Corot-Exo-7b: A Venus in another World

German science blogs today are abuzz with reports about the discovery of an Earth-like planet around a Sun-like star in the constellation of Monoceros, at a distance of about 450 light years.

The newly discovered planet Corot-Exo-7b transiting in front of its star (left, illustration by Klaudia Einhorn), and Venus in front of the disk of the Sun on June 8, 2004 (right, photo by Martin Sloboda). As the sizes of both the stars and the planets are similar, a transit of Corot-Exo-7b would look very similar to the Venus transit.
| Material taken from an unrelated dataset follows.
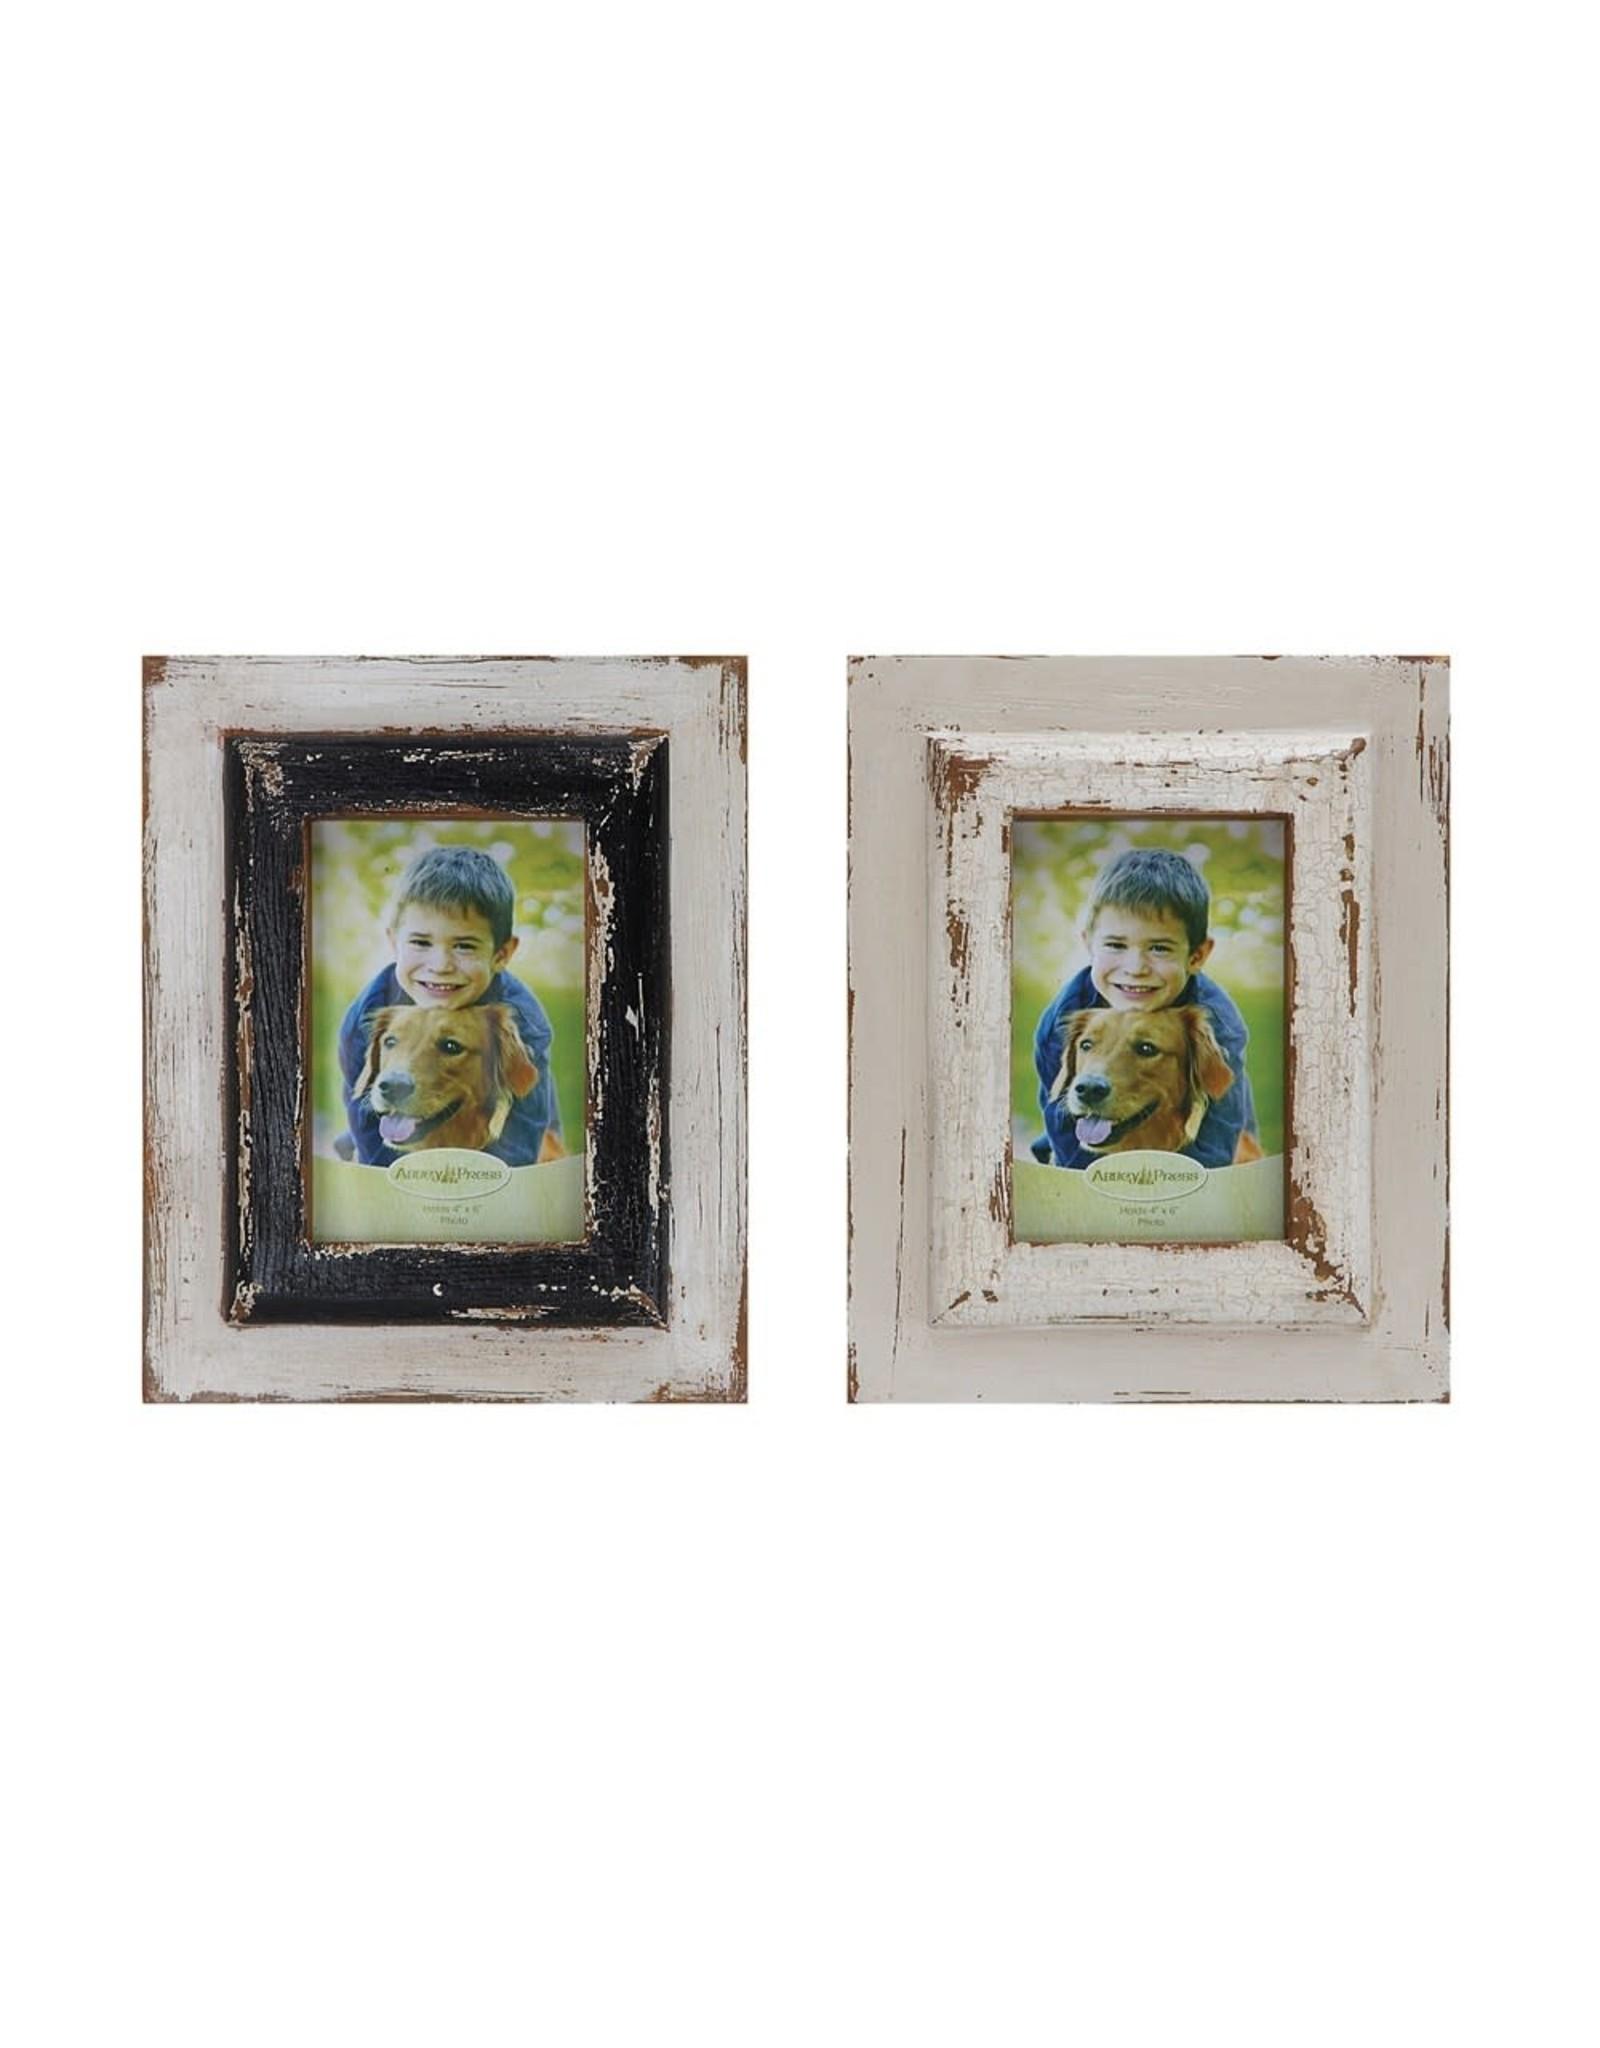 Pomp & Prose 8x10 Wood Frame White PPT

The planet has a radius which is 1.75 times larger than that of the Earth, and has six to thirteen times the mass of Earth. The star is a main sequence star with roughly the same composition as the Sun, with slightly less mass and a slightly lower temperature. However, distance of the planet to the star is only 1.7 percent of the distance of the Earth from the Sun - hence the revolution period, or "year", of the planet is only 20 hours, and its surface temperature is estimated to be between 1,000 and 1,500 degrees Celsius.

The planet was discovered by the European satellite mission Corot - hence its name, Corot-Exo-7b, meaning the first planet in the 7th planetary system discovered by Corot. Corot uses the transit method to search for new planets: When a planet passes in front of the disk of a star, the light of the star is slightly dimmed.

Here is the light curve of Corot-Exo-7, the star around which the planet is in orbit, showing a drop in brightness of the order of 10-4:

Mass, radius, and orbital parameters of the planet could be extracted from this measurement, and further observations and data analysis using the radial velocity method, the method which had led to the first detection of an exoplanet back in 1995.

So, it's indeed the first Earth-like planet at a Sun-like star - unfortunately, at a temperature close to the melting point of iron.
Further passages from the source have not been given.